The real killer turns out to be Lynn, who gave himself a small dose of poison before. He lures Vance and Doris to the Closter townhouse to kill them. But before Lynn completes his "perfect crime", Vance reads from a letter he wrote earlier in which he detailed his theory about the killings. In it, Vance names Lynn as the murderer, calling him a rich, egomaniacal weakling, who, being tired of his wife, poisoned her and threw the blame on his uncle, whom he despised. After hearing Vance's summary of the murder plot, Lynn tells his captors that he has arranged to pin Vance and Doris' forthcoming murder on Kinkaid.

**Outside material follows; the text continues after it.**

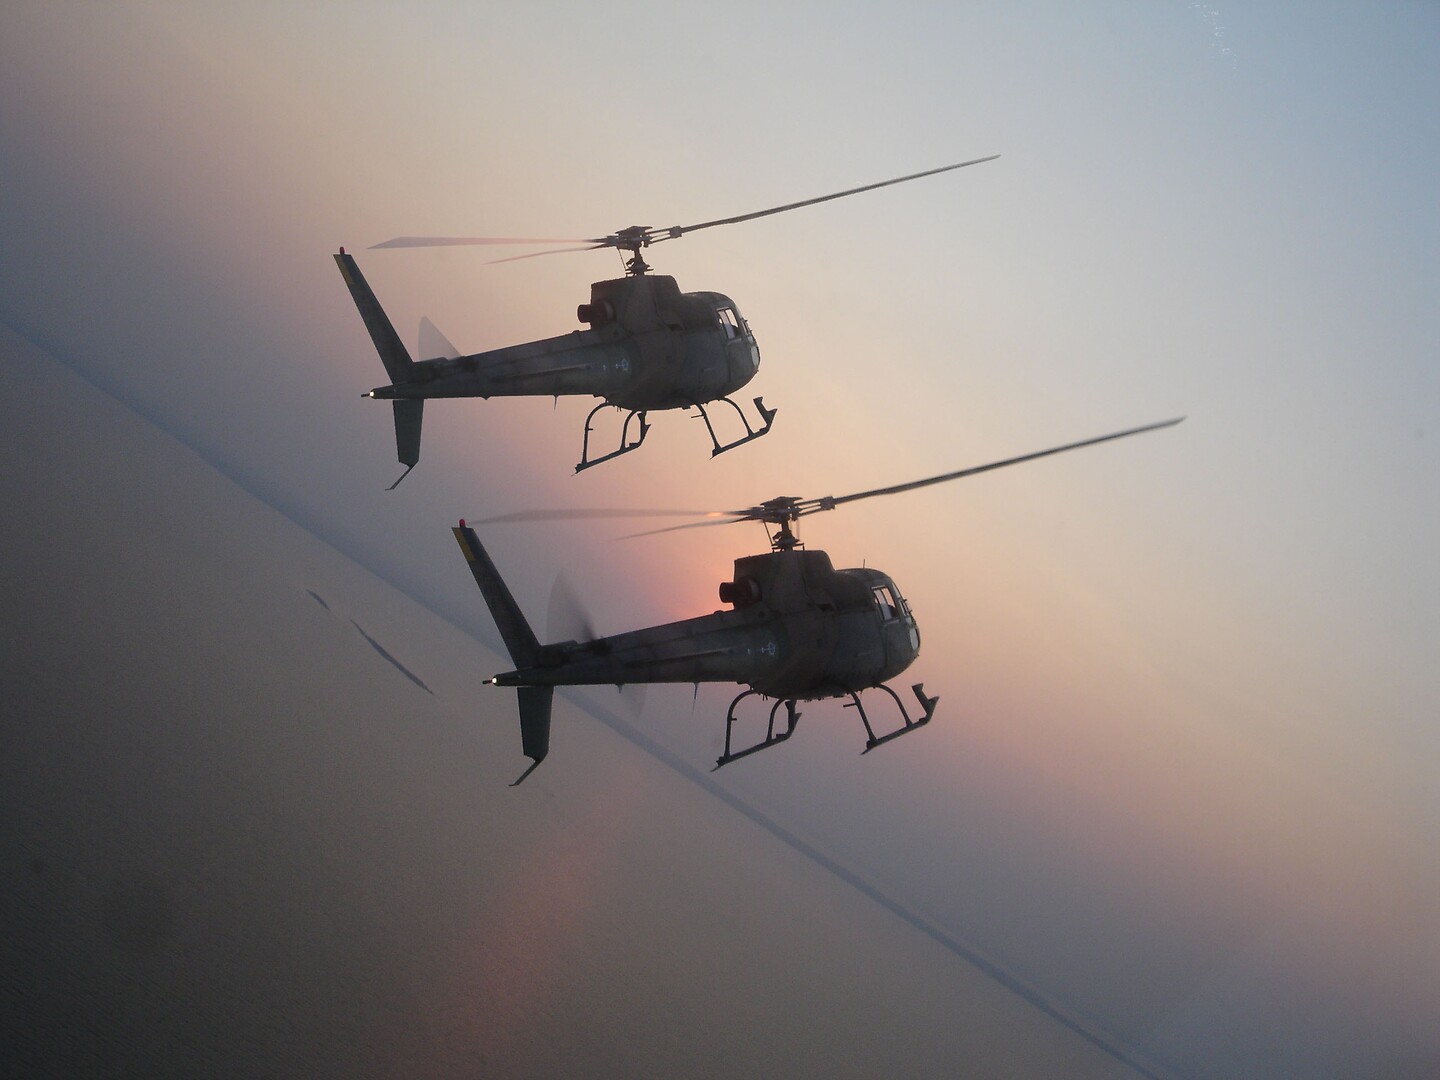 Two Brizilian Armed Forces H125 helicopters bank in formation.

However, when Lynn shoots Vance, Heath and others emerge from behind a door where they have been recording Lynn's confession and shoot him dead. After thanking Mrs. Llewellyn's maid Becky for loading Lynn's gun with blanks, Vance resumes his romance with Doris.

==Cast==

- Paul Lukas as Philo Vance
- Alison Skipworth as Mrs. Priscilla Kinkaid Llewellyn
- Donald Cook as Lynn (Mrs. Llewellyn's son)
- Rosalind Russell as Doris (Mrs. Llewellyn's secretary-companion)
- Arthur Byron as Kinkaid (Mrs. Llewellyn's brother)
- Ted Healy as Sergeant Heath
- Eric Blore as Currie (Vance's butler)
- Isabel Jewell as Amelia (Mrs. Llewellyn's daughter)

- Louise Fazenda as Becky (maid)
- Purnell Pratt as Markham (District Attorney)
- Leslie Fenton as Dr. Kane (Llewellyns' doctor)
- Louise Henry as Virginia (Lynn Llewellyn's wife)
- Leo G. Carroll as Smith (Llewellyns' butler)
- Charles Sellon as Dr. Doremus (coroner)
- William Demarest as the auctioneer (uncredited)

Cast note:
- Rosalind Russell considered both the film and her performance in it to be "so bad". She wrote in her autobiography Life is a Banquet that MGM forced the role on her, and that afterward, her maid would tell her: "If you don't behave ... I'm going to tell people about that Casino Murder Case."

==Production==
Originally William Powell and Myrna Loy were intended to star in The Casino Murder Case, but Powell was tired of playing Vance - he was the first actor to play the part on film, and had played the sleuth in four earlier Philo Vance features, as well as a short skit in Paramount on Parade - so MGM planned to use Otto Kruger, and then Fred Keating (who would have been borrowed from Columbia Pictures), Warren William, and Ricardo Cortez, before settling on Paul Lukas. Eugene Pallette was to have played the police sergeant, but was first replaced by Edward Brophy, and then Ted Healey. Constance Collier was to have played "Mrs. Llewellyn", before Alison Skipworth was borrowed from Paramount Pictures for the role.

==Critical response==
Andre Sennwald in The New York Times wrote "Paul Lukas just isn't the Philo Vance type and his reticent drawing-room manner seems a feeble substitute for the dashing qualities which made William Powell the best of the cinema Philos. Rosalind Russell works very hard at being agreeable in the Myrna Loy style, but with no vast success. Miss Skipworth, of course, is characteristically excellent as the foolish dowager, and there are good performances by Arthur Byron as the chief suspect and the comical Ted Healy as the halfwit detective. The best work in the film, though, is contributed by Isabel Jewell as the morbid and dipsomaniac daughter of the house."

More recently, Turner Classic Movies called the film "a diverting series entry that was faithful to Van Dine's original story", and Allmovie agreed that Paul Lukas "is simply not the right type for the part" and that "it is largely because of Lukas that the film is not one of the better entries in the series." The review characterizes the work of Alison Skipworth and Isabel Jewell as "excellent" and Eric Blore and Charles Sellon as "strong" performances, but says that Rosalind Russell "hasn't quite yet hit her stride here." As a result, the mix of comedy and mystery in the film "isn't as smooth as one might wish."